Keine Rede etwa von "Koordination zwischen Leistungserbringern verschiedener Ebenen für chronisch Kranke (Fachärzte, stationärer Bereich, Apotheken, soziale und medizinische Dienste)" oder "Systematische Primär-, Sekundär- und Tertiärprävention" oder "Strukturiertes Management der Patientenbetreuung unter Kosten-Nutzenüberlegungen (prä- und poststationäres Management, Voruntersuchung und Vorbereitung für geplante Eingriffe)" oder "Durchführung und Koordination der palliativmedizinischen Betreuung in häuslicher Umgebung und Pflegeheimen in Kooperation mit anderen Berufsgruppen" oder "Betreuung und Management von Mehrfacherkrankten" oder "Problemerkennung und Intervention im Sozialbereich" oder schlicht die "Hauskrankenbehandlung". Alles Themen, die nicht nur nach Meinung der Österreichischen Gesellschaft für Allgemeinmedizin zur Rolle der Hausärzte gehören - und deren Beherrschung karriereförderlich sein sollte.

Für diese Fertigkeiten gibt es aber keine Ärztekammer-Diplome, auch keine Ausbildung im Turnus. Diese Qualifikationen müssen wohl angeboren sein, strukturiert erwerben kann man sie nicht.
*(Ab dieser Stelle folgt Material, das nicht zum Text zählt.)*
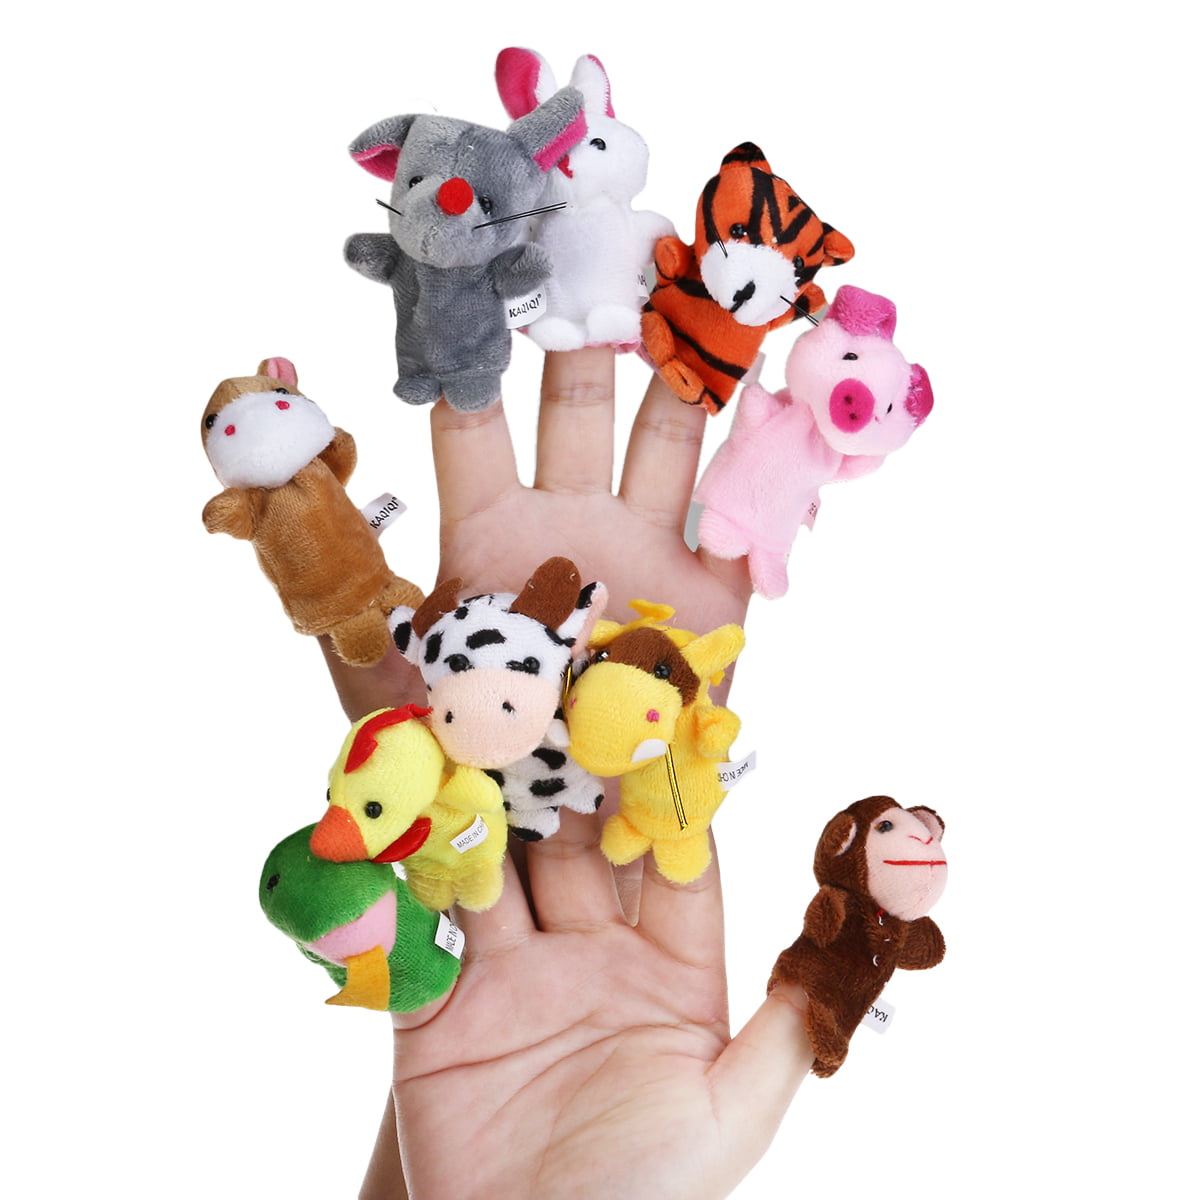 NUOBESTY Animal Finger Puppets Plush Finger Dolls Role Play Storytelling Game Props for Kids Children Story Time Playtime 5Pcs

Andererseits ist es verständlich, dass die Ärztekammer dafür keine Ausbildungsschiene etabliert. Von den etwa 1000 Ärzten, die jährlich zum Hausarzt ausgebildet werden, haben vielleicht 200 Chancen auf einen Kassenvertrag; wenn sie sich einen solchen überhaupt zutrauen (was ich mit der jetzigen Ausbildung nicht tun würde). Einige hundert werden das Glück haben, eine Facharztausbildungsstelle zu ergattern und damit vielleicht auch die Chance in einer sicheren Anstellung zu bleiben oder wenigsten noch eine Galgenfrist rauszuschlagen.
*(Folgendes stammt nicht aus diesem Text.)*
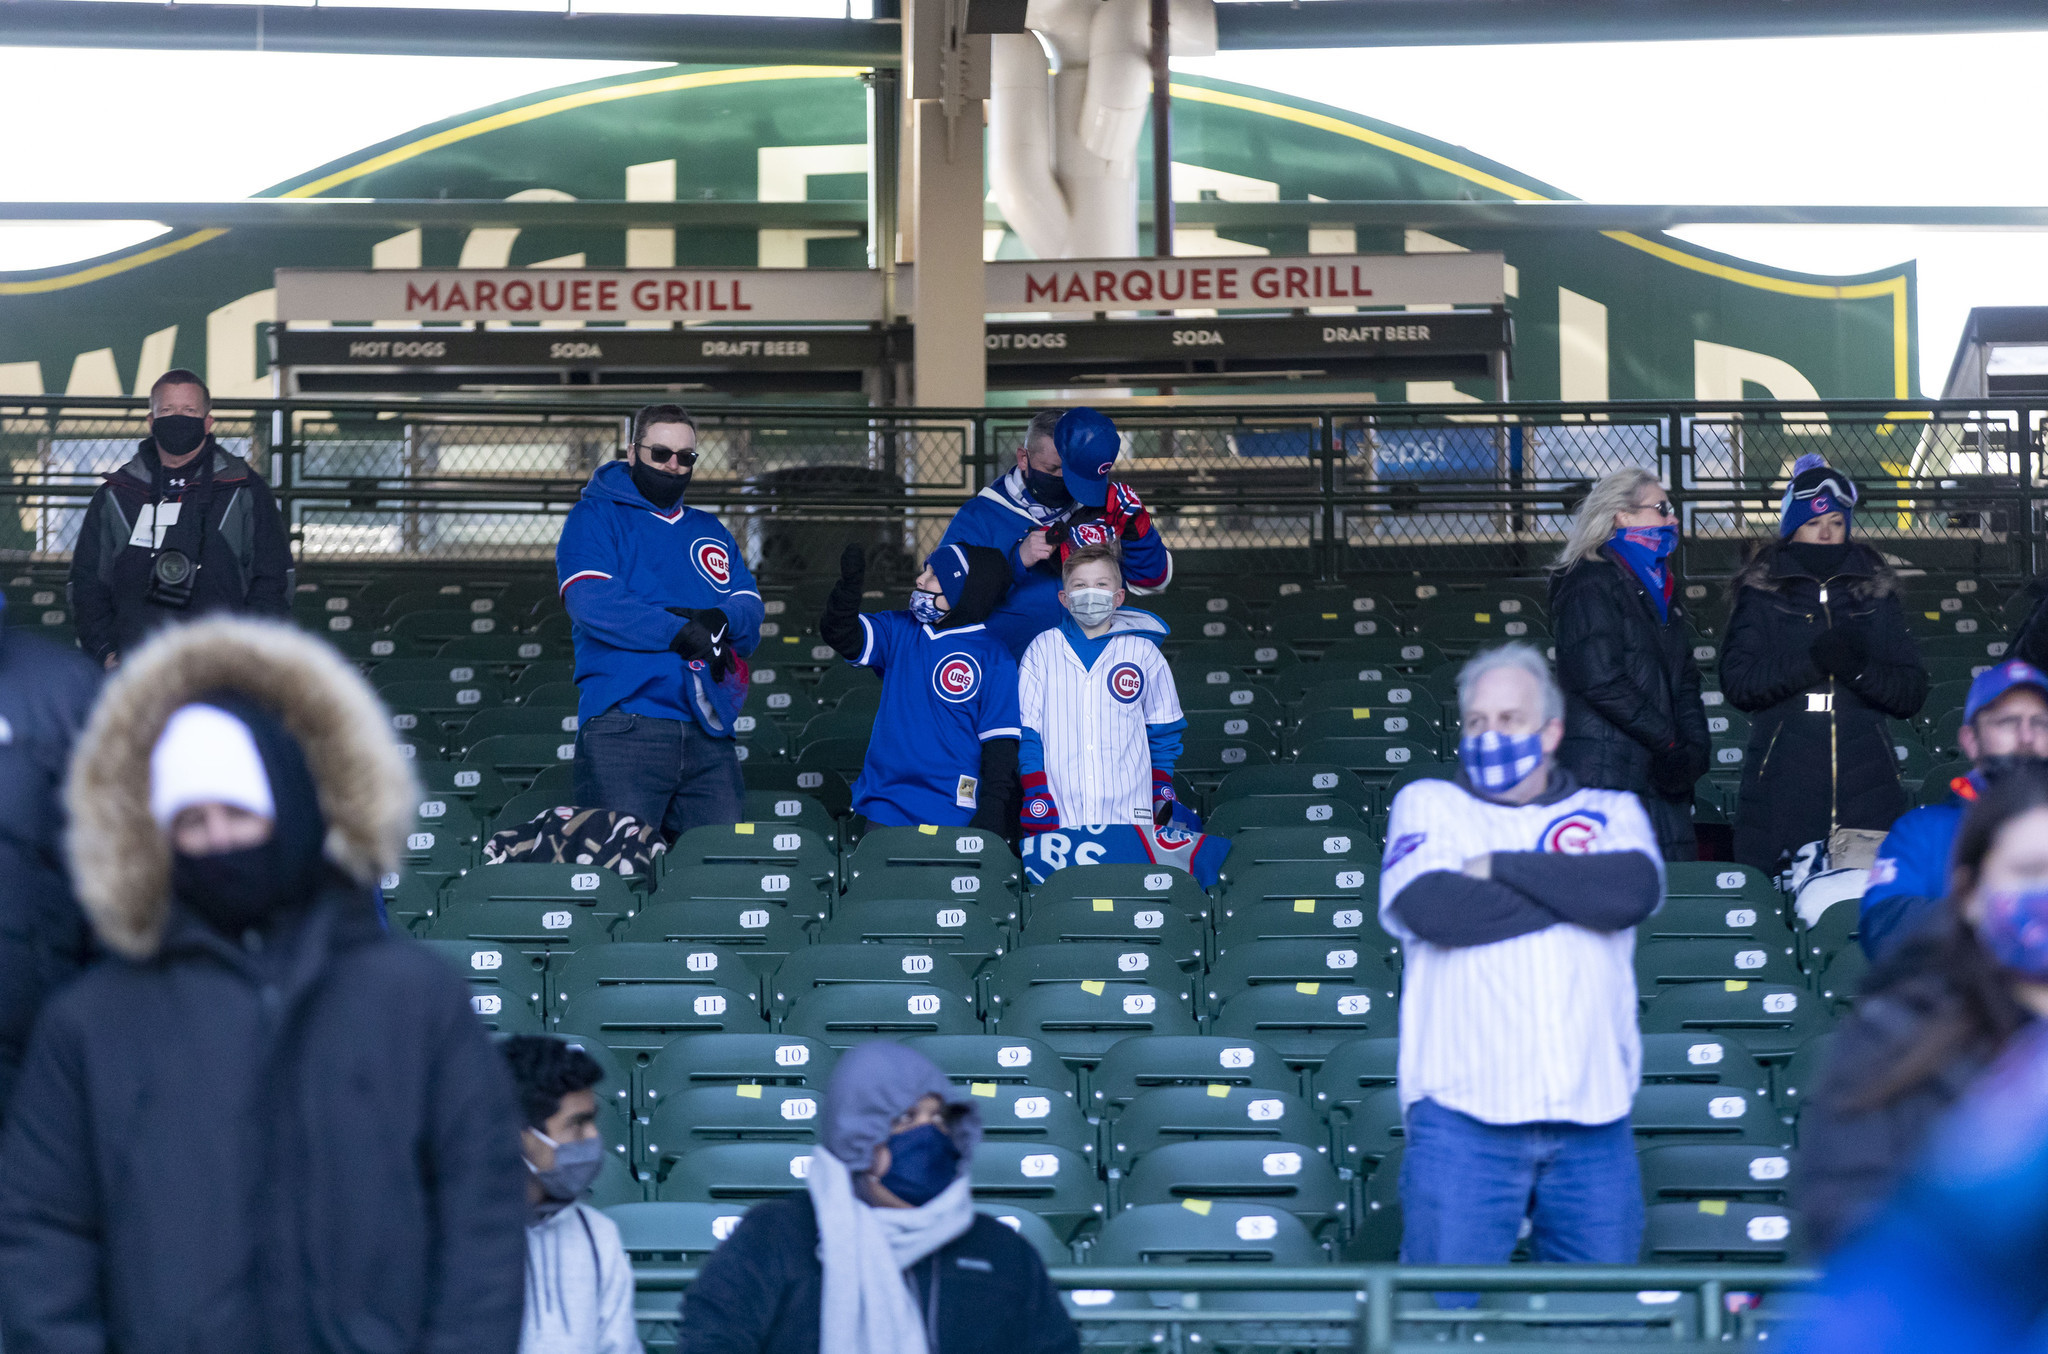 COVID Chicago: Cubs, White Sox fans can return to Wrigley Field

Der Rest - mehrere hundert pro Jahr - werden in den freien Markt gespuckt. Und dort, im kassenfreien Raum, kann man als "Wahl-Hausarzt" nur überleben, wenn man sich auf Einnahmen konzentriert, die nichts mit Schul- und Kassenmedizin zu tun haben. Gleichzeitig, als nicht unerwünschter Nebeneffekt, werden sich "zusatzqualifizierte" Ärzte nicht um den Kassenkuchen, der schon für die etablierten Kassenärzte kaum mehr reicht, anstellen.